At the vet's the word wasn't good
Poor Joe was broken
While at one time he stood
His end had finally been spoken.

8:30am Joe takes his last breath
My Gracie isn't improving
All around us is death
My Gracie is losing.

Evening is upon us and Gracie is pulled from Earth
Now she and my Joe are not to be seen
About us is no mirth
My Gracie died just before she hit fourteen.

R.I.P "My Gracie" June 12 1995 - January 5 2009
R.I.P Joe April 14 1999 - January 5 2009


----------



## horsecrazy84 (Mar 20, 2011)

Oh my gosh! Is that a true story that happened to your daughter?
I am almost in tears, that was so sad.  You just never know I guess.


----------



## LikeIke17 (Mar 18, 2011)

No not my daughter.
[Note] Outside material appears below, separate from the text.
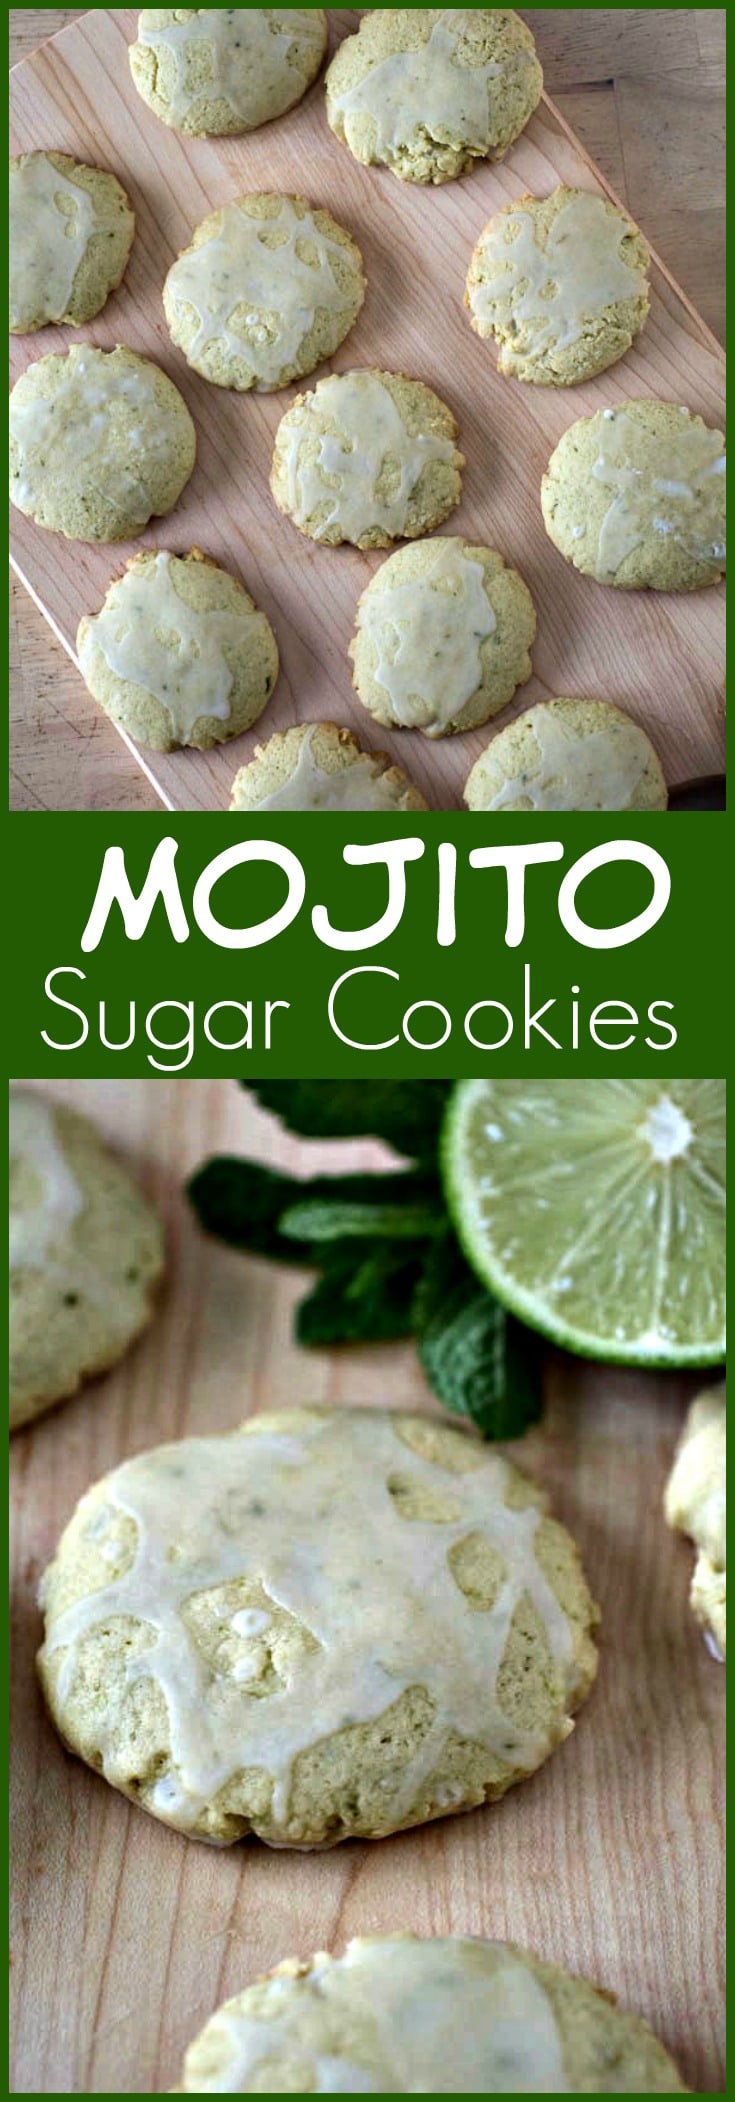 These Mojito Sugar Cookies are a refreshing lime and mint sugar cookie drizzled with a rum glaze for a hint of the tropics.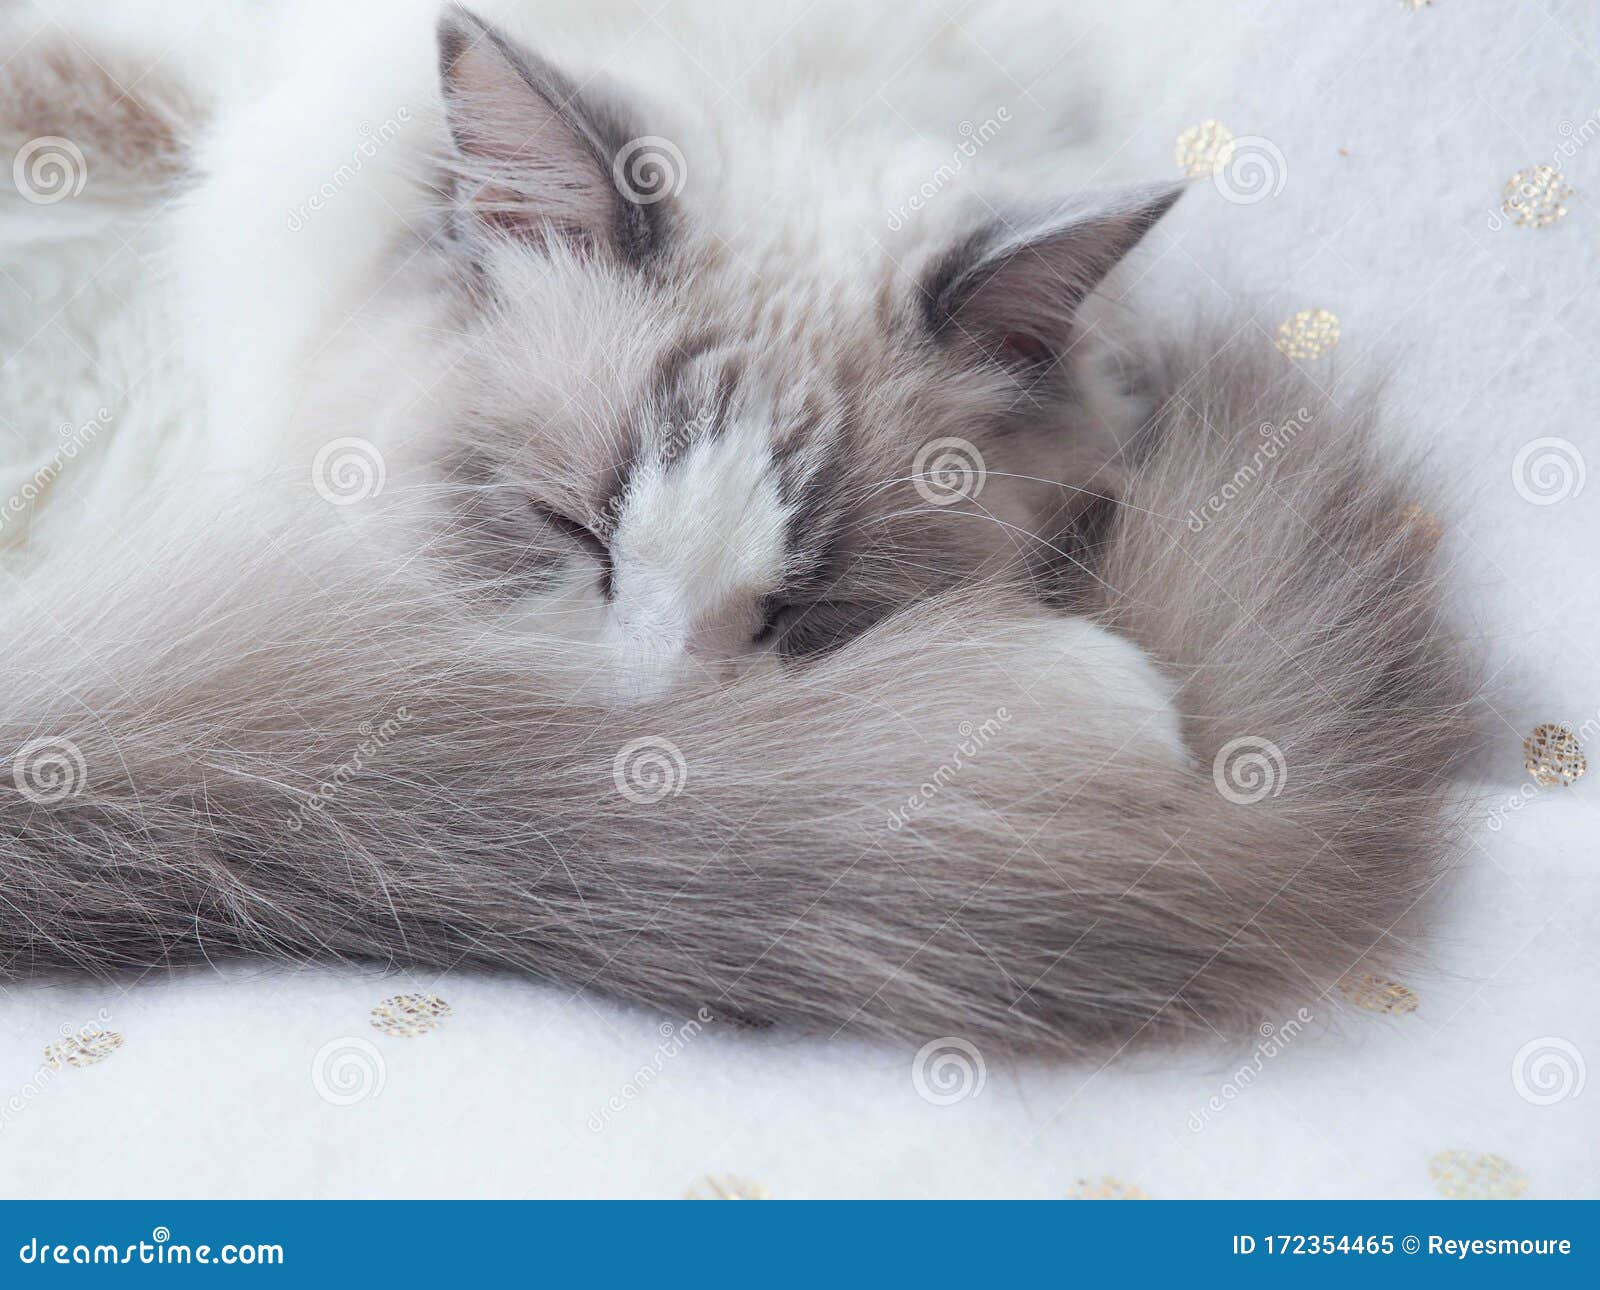 Adorable Ragdoll Cat With Fluffy Grey Tail Stock Image Image Of Cutest Huella 172354465

Not quite there in my life yet. 

It was my second cousin. She and I trained Joe together. She bought him as a wreck and we brought him along as a team. He was an amazing horse, as was Gracie. She was my best friend.  And yes... it is true.


----------



## fuadteagan (Jun 10, 2010)

OMG! This sounds just like Jessica Forsyth, sorta. Her horse didn't die but it was a freak accident. She was also 14 and trained her horse, Boomer. RIP Gracie and Jess


----------